The importance of SPARC in bones increases the potential of SPARC in managing the bed rest-induced atrophy since immobilization also leads to bone loss. Indeed, SPARC is important for bone formation, remodeling and regeneration [90]. Sparc KO mice develop osteopenia [92], decreased bone formation [93]. SPARC deficiency also affects bone marrow stromal function [94]. In addition, SPARC also plays roles in bone remodeling [95] and osteoblast maturation [67]. It also regulates hydroxyapatite crystals formation and growth [96] and influence osteogenic differentiation [97]. Furthermore, the implication of SPARC in other locomotor system constituents (such as ligaments [98,99] and tendons [100,101]) would make that treating with SPARC would not only improve muscle phenotype but could also have positive effects on the whole locomotion system. Therefore, SPARC administration might contribute to the maintenance of the musculoskeletal system responsible for the individual mobility during hospitalization and recovery periods. It is worth highlighting that increased SPARC expression has been reported in negative biological status such as metabolic disorders [102], rheumatoid arthritis [70], cancer [103], coronary artery disease [104] and intracranial aneurysms [105]. We have hypothesized that such expression would not indicate the involvement of SPARC in the pathogenesis or prognosis but rather represents an attempt to counteract the effects generated by such pathologies or disorders via the beneficial SPARC-mediated effects. Examples of SPARC counteracting inflammation [88] and cancer [87,106] would be two illustrations of such “regulatory feedback”.

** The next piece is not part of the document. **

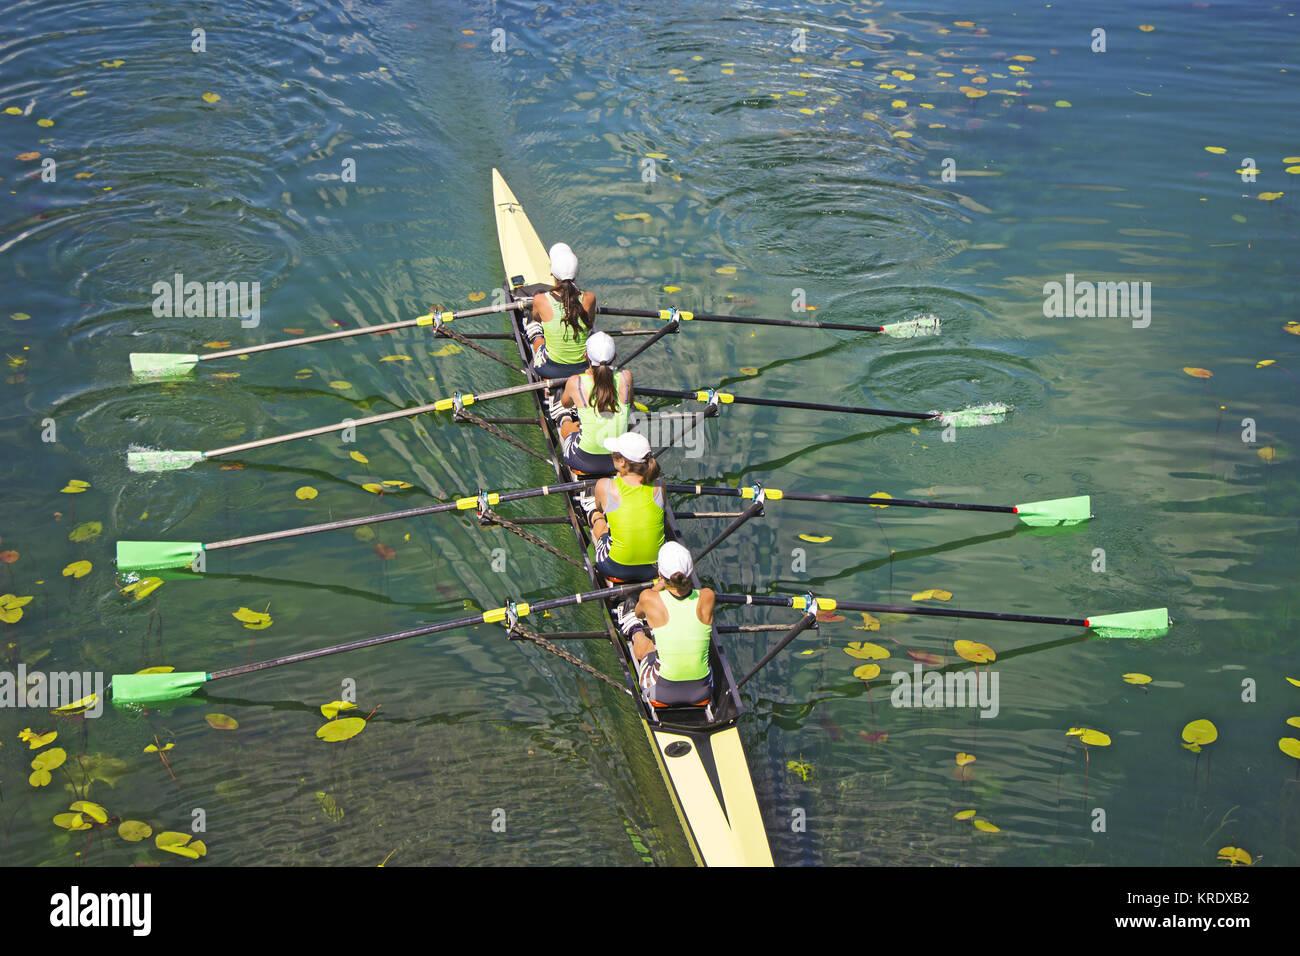 Team of rowing Four-oar women in boat - Stock Image
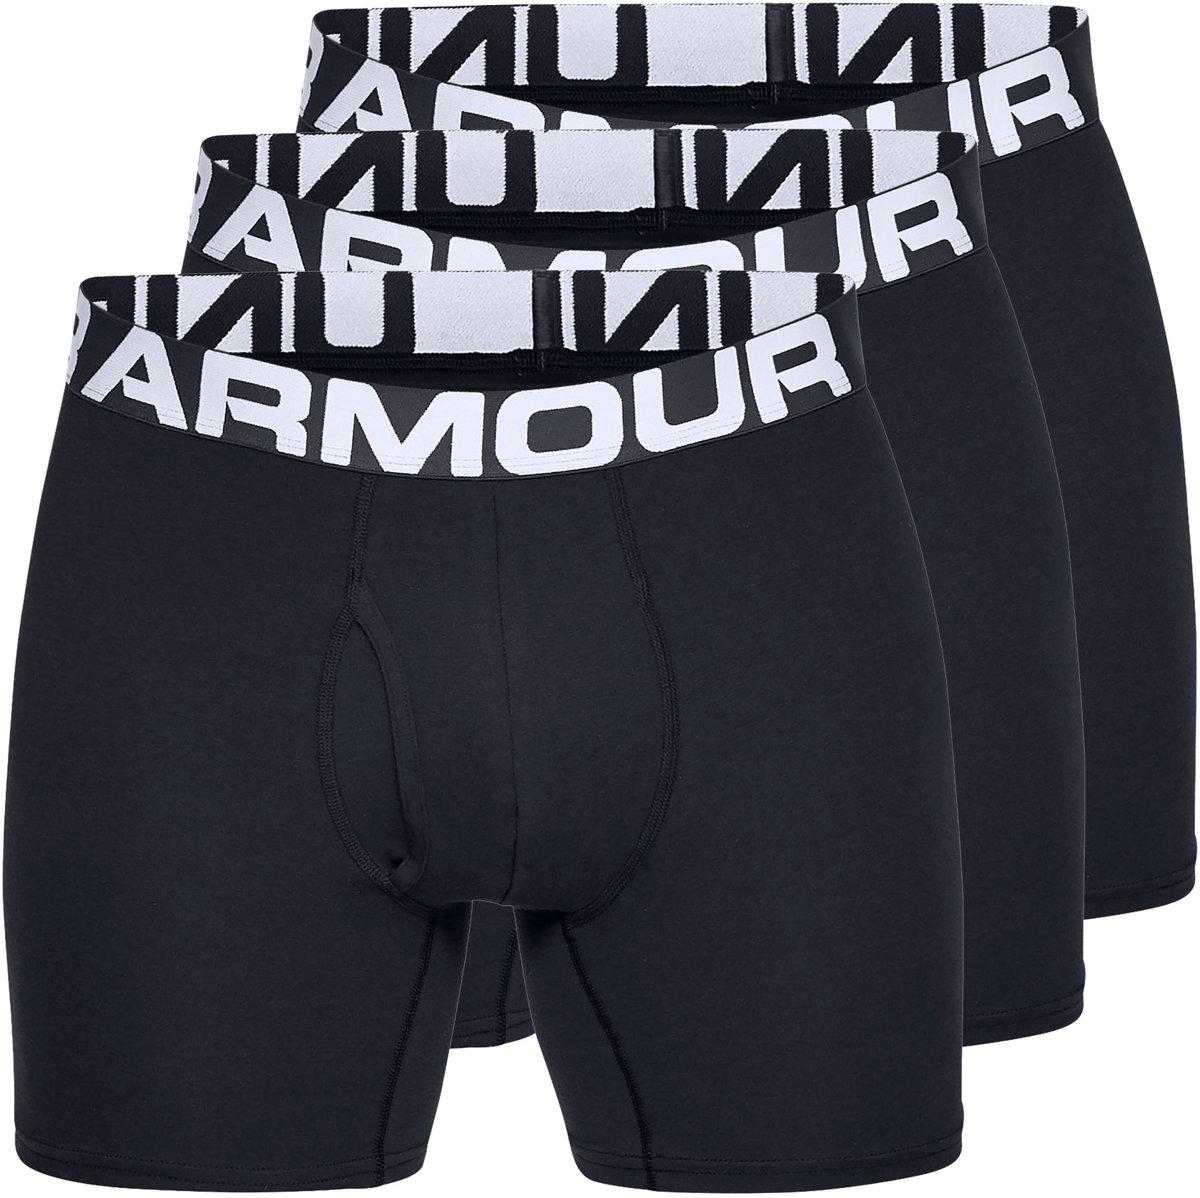 698664e8cd58 https://www.bol.com/nl/p/under-armour-siro-ss-sportshirt-heren-zwart ...

Such approach can also be extended to those chronically bedridden, with physical disability or even space missions (microgravity environment) [107] as summarized in Figure 1. Evidence suggests that Sparc decline contributes to the muscle atrophy, ageing and the resulting phenotypes, whereas its overexpression induced by exercise would be a mechanism via which exercise corrects and improves muscle atrophy and ageing. Therefore, we suggested measuring exercise-induced SPARC/SPARC/Sparc expression as a molecular tool to optimize exercise therapy towards a personalized medicine [108] and also using SPARC as a potential “exercise substitute” [109]. Such measure could be applied to immobilized patients during a potential pre-training session aiming to counteract muscle atrophy. We believe that further animal and clinical studies could lead to a new generation of molecular therapies for muscle atrophy based on SPARC and permit the overcoming of this challenging atrophy resulting from hospitalization, immobility and ageing. The best option, when available, is to rather focus on exercise-induced SPARC as a possible treatment and we emphasize that further studies are needed to further map the mechanistic links between exercise, the exercise-induced myokines (including SPARC) and the exercise induced effects.

Figure 1

Secreted Protein Acidic and Rich in Cysteine (SPARC/SPARC) as a muscle atrophy therapy. Situations such as hospitalization, physical disability or being bedridden represent an immobilization that might lead to muscle atrophy. Ageing (usually accompanied with a sedentary lifestyle) is another risk factor for the muscle atrophy. SPARC properties of enhancing muscles mass, strength and metabolism are towards counteracting muscle atrophy and highlight SPARC/SPARC (protein administration or gene therapy) as a molecular therapy for muscle atrophy.